Вероятно, и вам не раз сличалось встретиться с нею, благосклонный читатель; это дама чрезвычайно скромная, с потупленными глазками, с опущенною на лицо вуалью и в до крайности сереньком платьице; она вечно ходит с вами под руку; сопровождает вас на службу, читает с вами "Северную пчелу", засыпает с вами в Александринском театре и охотно разделяет ваше одинокое ложе. Одним словом, таинственная незнакомка делается неизменною подругой вашей жизни. Но кто эта незнакомка, где родилась она, какое солнце пригрело и воспитало ее? Люди мы были все молодые, и все решительно согласились, что у общей нашей приятельницы, как и у всех вообще приятельниц, есть своего особого рода маменька, тоже дама, по преимуществу серенькая, называющаяся бездеятельностью.

Но, решивши таким образом вопрос, мы тут же весьма кстати догадались, что вовсе ничего не решили и что, для удовлетворительного разъяснения этого запутанного дела, нужно добраться до того, отчего деятельность-то наша так бедна и ничтожна, или лучше – отчего мы целый век как будто толчемся и движемся, а результаты выходят все самые крохотные, самые обидные.

Предположения на этот счет были самые разнообразные.
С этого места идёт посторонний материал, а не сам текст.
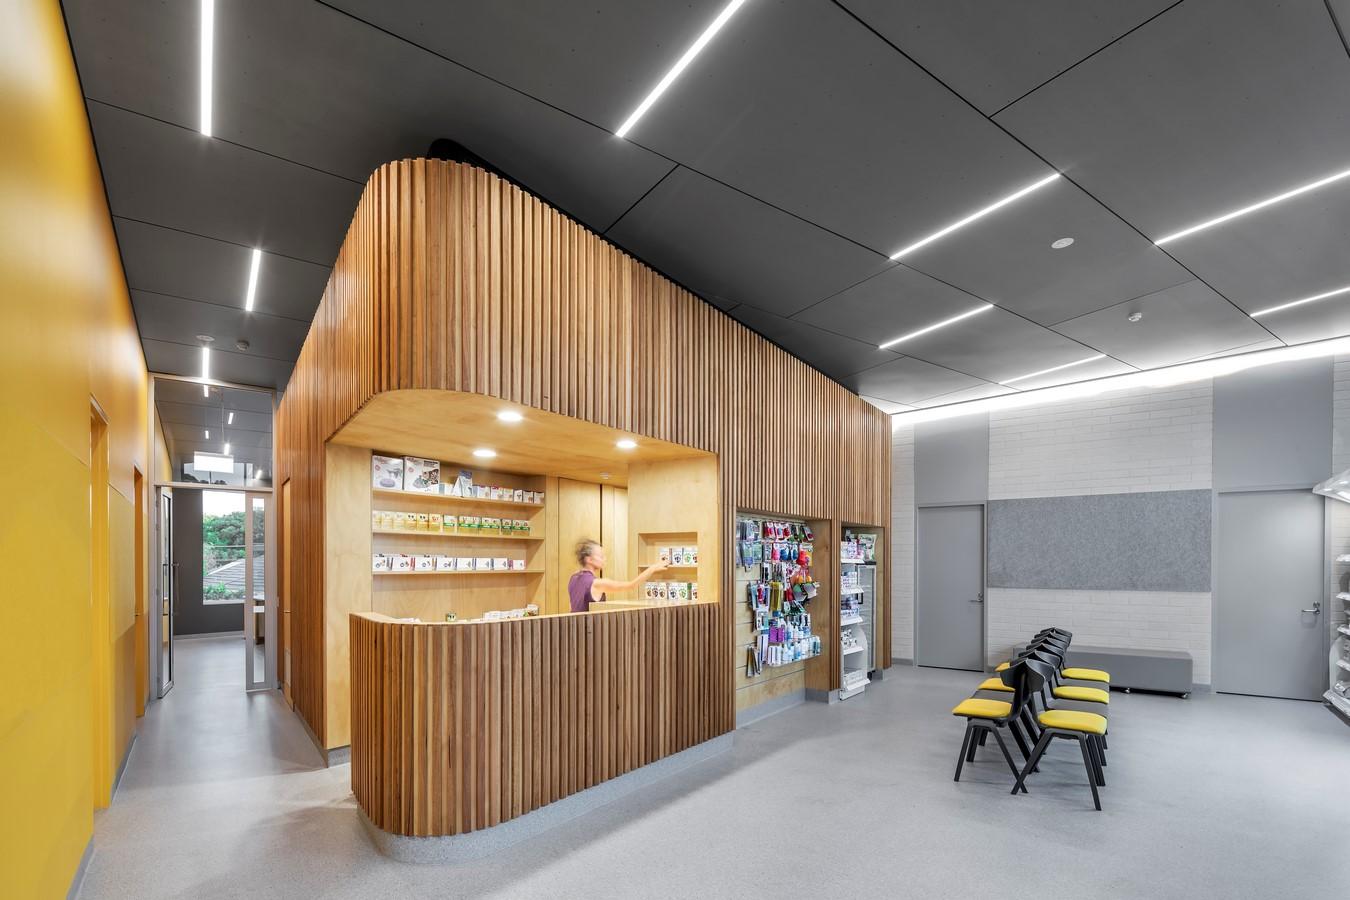 Walkerville Vet By Khab Architects - Sheet1

Одни приписывали это воспитанью, другие непониманию действительных интересов; третьи, наконец, тому, что в самой действительности слишком мало сил, вызывающих и поддерживающих истинную деятельность.

Один Николай Иваныч, общий наш приятель и человек бывалый, ходил по комнате и в глубокомысленном молчанье покручивал усы. Он глядел на всех нас как-то особенно затейливо, и вся его физиономия как будто превратилась в одно длинное и глубокозначительное "гм".

– Да, странные бывают случаи! – разразился он наконец, – черт его знает, иной с виду кажется и порядочный человек, и говорит как будто дело, и на вещи смотрит по-человечески, а вот как дойдет до практики – тут разом дрянь-то вся и выльется наружу, тут и окажется вся гнусность, да еще и не простая гнусность, а с затеями, с прибаутками.

Николай Иваныч усиленно зашагал по комнате и зло начал крутить усы.

– Да ведь до чего доходит! – продолжал он, спустя несколько секунд, – не только другим, а себе, самому себе, с каким-то диким остервенением начинает человек гадить да понемножку на малом огне себя жарить, как будто всем и каждому на стенке зарубить хочет – смотрите, дескать, добрые господа, как я себя исказил и изуродовал, на что, мол, я теперь похож?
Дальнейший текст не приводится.